Here the main term is \(n\cdot Q\cdot q_n^{n/2} = n\cdot (1-p_n)^{n-1}\) as claimed; the second largest term is \(n\cdot Q\cdot q_n^{n/2}\) from the beginning of the last big sum, but it is already \(o(n\cdot Q\cdot q_n^{n/2})\) ; and the sum of all the other terms is negligible. This completes the proof.

\(\square \)

4 Conclusion

  1. 1.

    Concerning the generalization of Gilbert’s theorem, it is worth comparing Theorem 6 with the commonly used estimation \(e ^ { -e ^ {(\ln n) - p \cdot n } }\) (where \(p=p_n\)) for the probability of \(\mathbf {G}_{n,p}\) to be connected, usually written in the form \(e^{-e^{-x}}\) by the substitution \(p=\frac{\ln n}{n}+\frac{x}{n}\). With the asymptotic \(e^{-z} \sim 1-z\) around zero, it is approximately \(1 - e ^ {(\log n) - p \cdot n } = 1 - n\cdot e ^ {- p \cdot n }\).
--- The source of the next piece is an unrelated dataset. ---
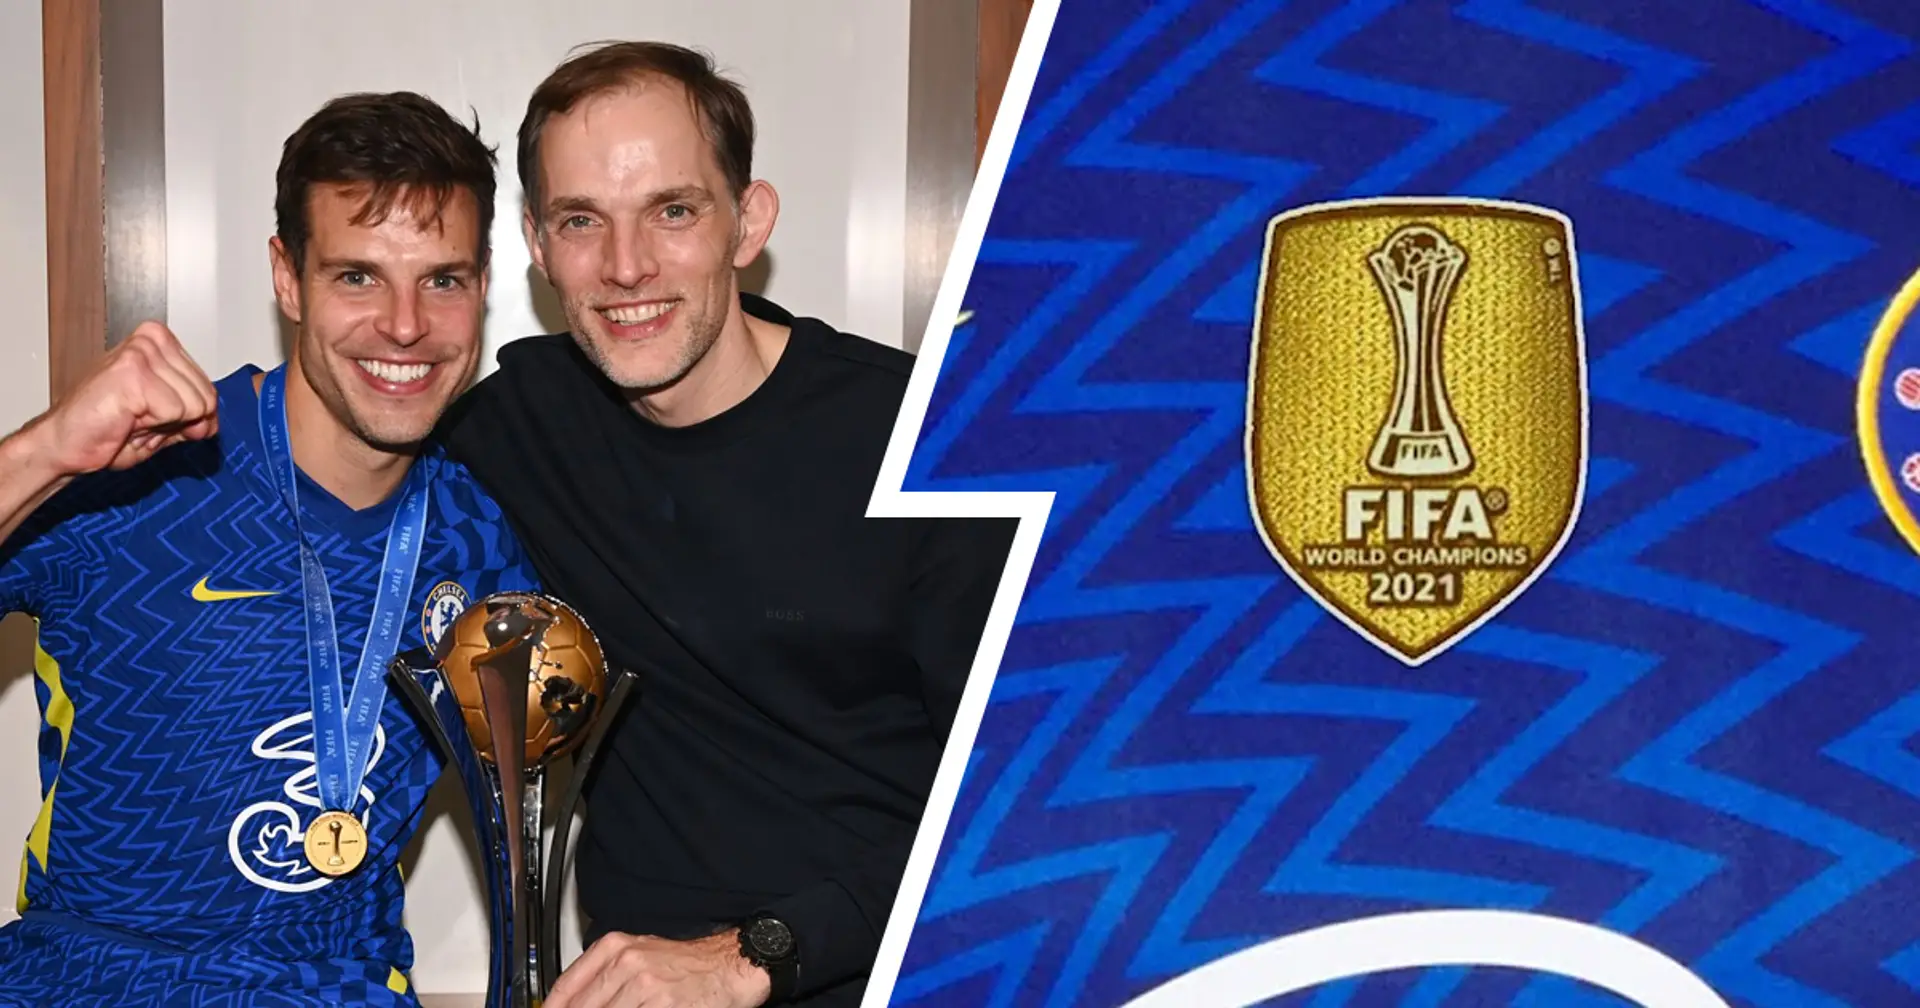 Chelsea Allowed to Wear FIFA Club World Cup Champions Badge For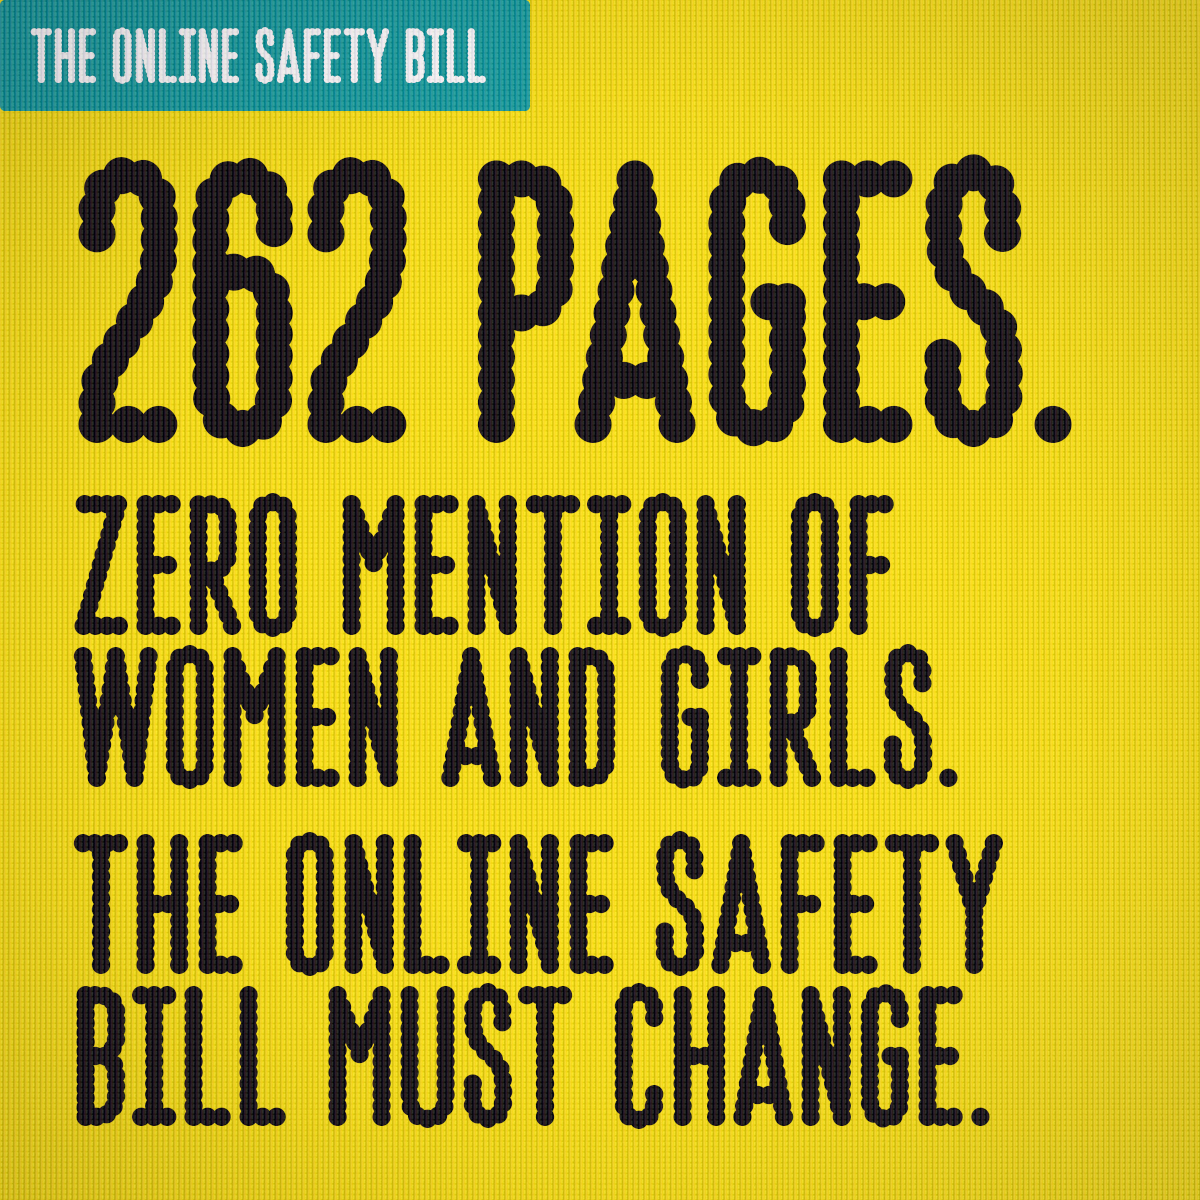 The #OnlineSafetyBill was designed to make the internet safer. But if women and girls are to be protected from abuse online, it must be amended! #MakeItSafer for women and girls online. Visit ee.co.uk/hopeunited to find out how

On the other hand, we can rewrite Theorem 6 in the form \(1 - n\cdot ([1-p]^{1/p})^{p\cdot (n-1)}\) . Observing that inside the prarentheses the expression tends to 1/e as \(p\rightarrow 0\), the function can be approximated as \(1 - n\cdot e^{-p\cdot (n-1)}\).

  2. 2.

    Furthermore, we present here the following open question.

Problem 1

Does there exist some \(p_n\) tending to zero and some constant b such that \(\displaystyle \lim _{n\rightarrow \infty }P(\gamma _c(\mathbf {G}_{n,p_n})\le \log _b n)>0\)?